03
de junho de 2014 | N° 17817
FABRÍCIO
CARPINEJAR
Gnomo em alto
esporte
Logo
no segundo encontro com a minha mulher, ela teve que enfrentar um grande teste:
o modo como eu estava vestido.
Esperava
Katy no bar do cinema. Meu figurino era uma calça amarela de coração, um blusão
verde, um casaco de veludo ainda mais verde, sapato vermelhocombinando com os
óculos. Em suma, um gnomo em alto esporte. Um arco-íris na curva da tempestade.
Não
precisava levantar o braço para denunciar minha localização.
Ela,
que se preocupava com o que colocar para me agradar, descobriu que deveria é se
preocupar comigo. Vinha a ser, mesmo vestido, um atentado violento ao pudor.
Por
generosidade do destino, não tive irmão gêmeo.
Andar
comigo pelo shopping seria o equivalente a dar a mão para uma árvore de Natal.
Os cadarços desamarrados serviam de tomada.
Ela
confessou, um ano depois, que não ficou assustada.
– Eu
me assusto com baratas. Contigo daquele jeito, fiquei apavorada.
Acho
que rezou para não esbarrar com algum familiar e amigo pelas galerias e lojas.

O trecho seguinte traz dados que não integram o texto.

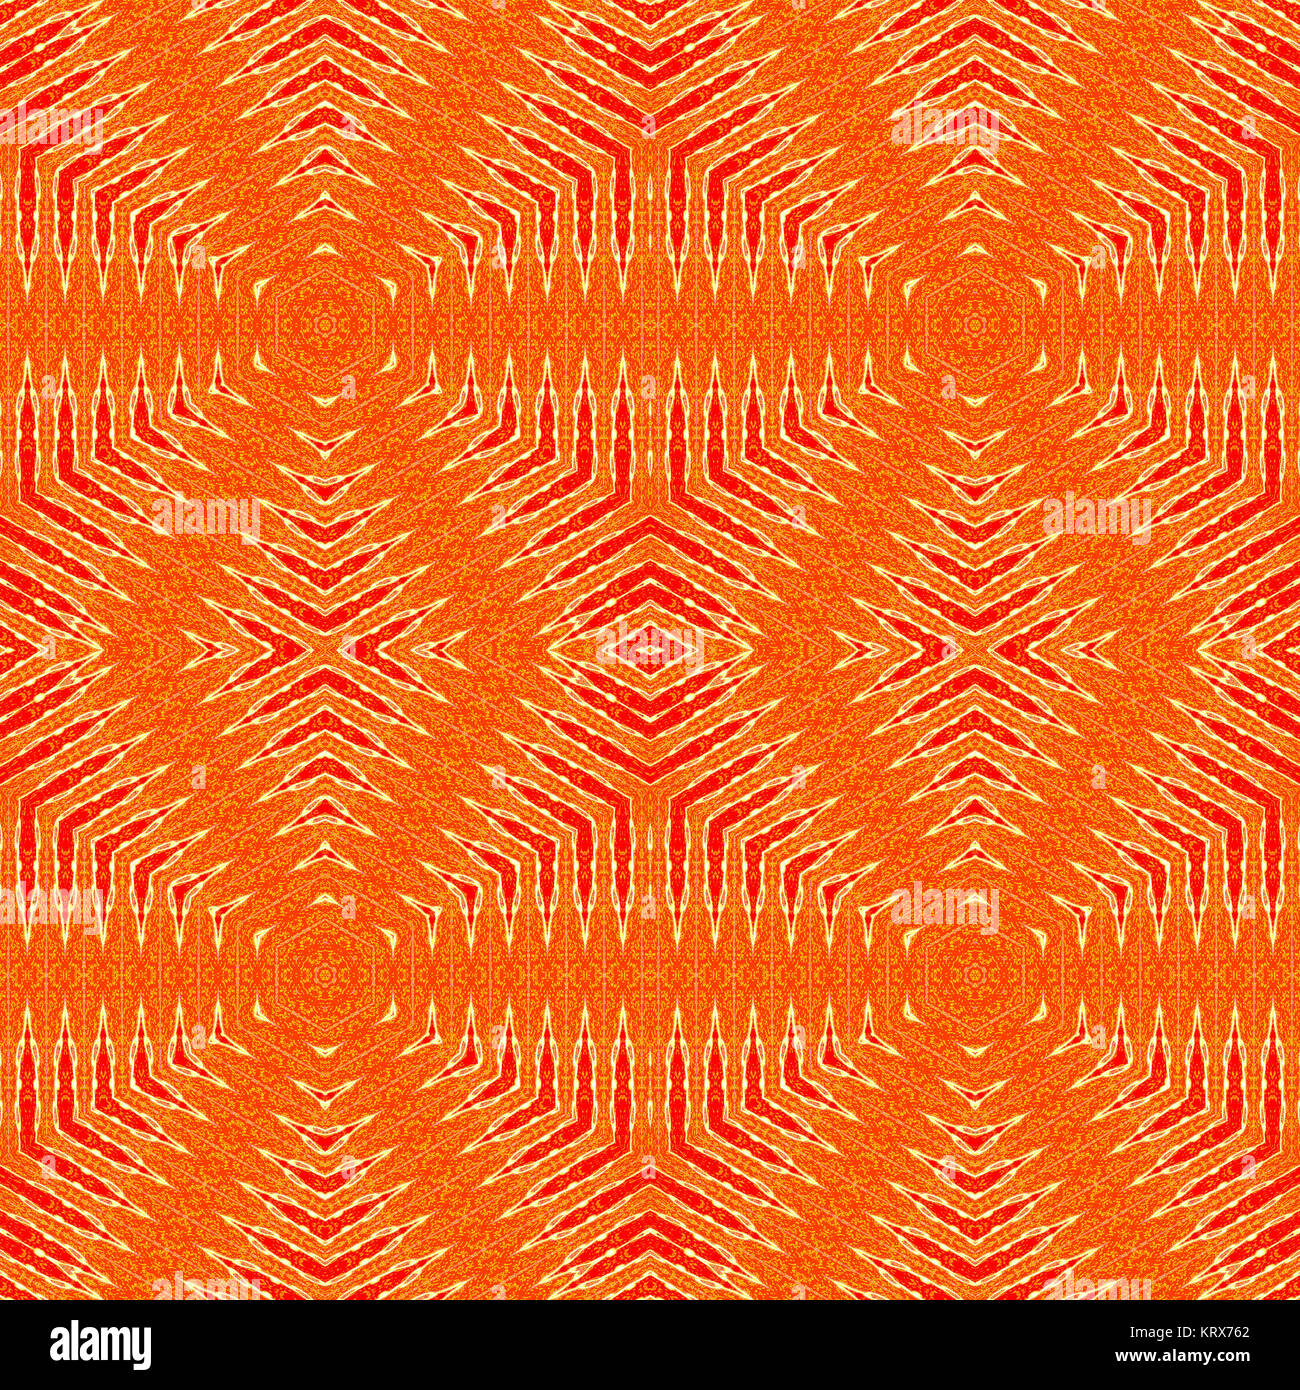 Geométrica abstracta de fondo sin fisuras. Patrón de diamantes regulares en tonos naranja con colores rojo y beige, elementos, vistoso y amplio. Foto de stock

Suou frio, gaguejou, contornou o constrangimento com a elegância das meias
palavras.
Foi
muito amor e provação da parte dela. Não comentou nada, fingiu normalidade. Não
teceu nenhum comentário irônico. Elogiou o que podia naquele momento, o meu
perfume.
Hoje,
aposentei as calças coloridas e extravagantes, as camisetas P brilhosas, os
casacos estranhos. Fiz uma limpa nos cabides. Tirei a drag queen do meu
armário. Separei as roupas para dar. Finalizei uma era de minha vida. Não
desprezava quem fui, apenas não me atendia mais.
Nossa
empregada Cléo recebeu a responsabilidade de levar as sacolas aos necessitados.
Qual
minha surpresa quando ela volta no dia seguinte com todas as minhas peças.
Nenhuma ganhou a simpatia de entidades beneficentes e brechós.
–
Pode ainda interessar as escolas de samba –, Cléo buscou me consolar.
Terminei
recusado pela campanha do agasalho. Devo ter sido o primeiro caso da história
de Porto Alegre.
Não
há caridade que justifique a cafonice.